Quality and evaluation#
Evaluating agents is harder than evaluating prompts because the answer depends on a sequence of choices. The eval harness has at least four layers:
- Per-tool unit tests. For every tool, an isolated test set: given input X, does the tool return the right thing? Tool bugs masquerade as agent bugs constantly.
- Per-step correctness on traces. Replay a logged trace; at each step, did the agent pick a reasonable action? Often graded by an LLM-as-judge with a rubric.
- End-to-end task success. Given a goal, does the agent finish with a correct answer? Pass / fail per task across a frozen set of representative tasks. The single most important metric.
- Cost and step distribution. Median and p95 steps per task, cost per task, tool-call counts. A regression that doubles steps without changing pass rate is still a regression.
Some agents need a “judging environment” — a sandbox that exposes the same tools as production but can be reset between runs. For coding agents, this is a test suite. For browser agents, this is a stub of the target site. For research agents, this is a frozen snapshot of the corpus they search.
Tracing is the prerequisite for all of this. Tools like LangSmith, Langfuse, Phoenix, Weights & Biases Traces, and provider-native trace UIs persist every step with timing, cost, and IO. A team without tracing is debugging blind.
Common pitfalls#
- No step limit. The agent gets stuck and runs until the bill arrives. Always cap.
- Tool descriptions copied from internal documentation. Internal docs assume context the model doesn’t have. Rewrite descriptions for the model’s perspective: what the tool does, what inputs it expects, what it returns, what error cases mean.
- Letting tool outputs into context unbounded. A scrape of a 50 KB page lands in the next prompt and crowds out the system message. Truncate, summarize, or stash and reference by handle.
- Treating non-determinism as a bug. Two runs of the same task may take different paths. Asserting byte-exact equality across runs is wrong; assert behavioral equivalence (same final answer, same outcomes on side effects).
- Mixing read and write tools casually. Writes have side effects. Read tools should be liberally available; writes should be gated by permission, budget, and approval flows.
- Letting the model decide when to stop. The model is optimistic — it declares completion before the task is done. Combine a model-emitted “done” signal with an external check (tests passing, schema validation, human review).

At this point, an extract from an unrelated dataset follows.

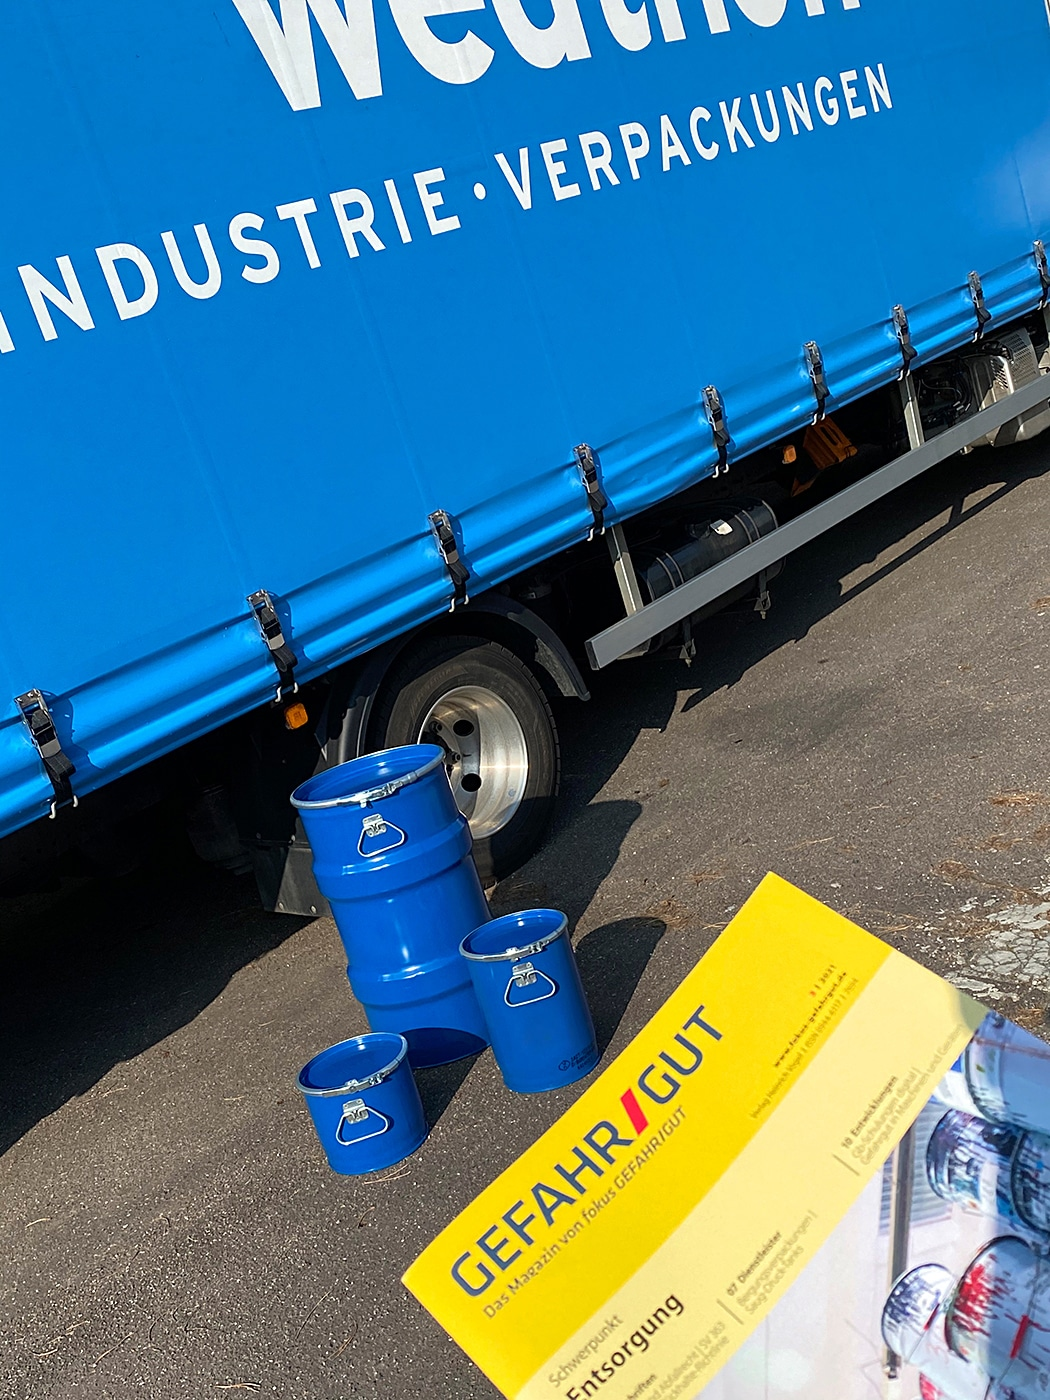 WEDTHOFF Industrieverpackungen Gefahrgutverpackungen Services +

- Skipping the trace UI. “Logs are enough” is wrong for agents. You need step-by-step replay with timing and IO to make sense of a 30-step trace. Build the UI early.
- One huge system prompt for all tasks. A 3 KB system prompt that lists every tool and every policy is a quality killer. Route by task type; load only the tools and policies the current task needs.
Related applications#
For the deeper engineering view on agents as products — runtime architecture, evaluation harnesses, safety boundaries, and the day-2 operations stack — see the Agentic workbook. The Gen AI workbook treats agents as one application; the Agentic workbook treats them as a system to be engineered end-to-end.
The minimum viable agent runtime in 80 lines
A working agent runtime is shorter than people expect. The hard parts aren’t the loop. The hard parts are: a tool registry with typed schemas, a tracer that captures every call, a budget guard that aborts when costs exceed a cap, a context compactor that summarizes old steps when the window fills, and a permission layer that gates dangerous tools. If you can stand up those five pieces, you have a runtime. Everything beyond that — multi-agent orchestration, planners, reflection — is a pattern that runs on top, not a primitive you need on day one. The teams shipping agents in production today are mostly running 200-line runtimes around frontier-model tool calls. The complexity lives in the tool implementations and the eval harness, not the runtime.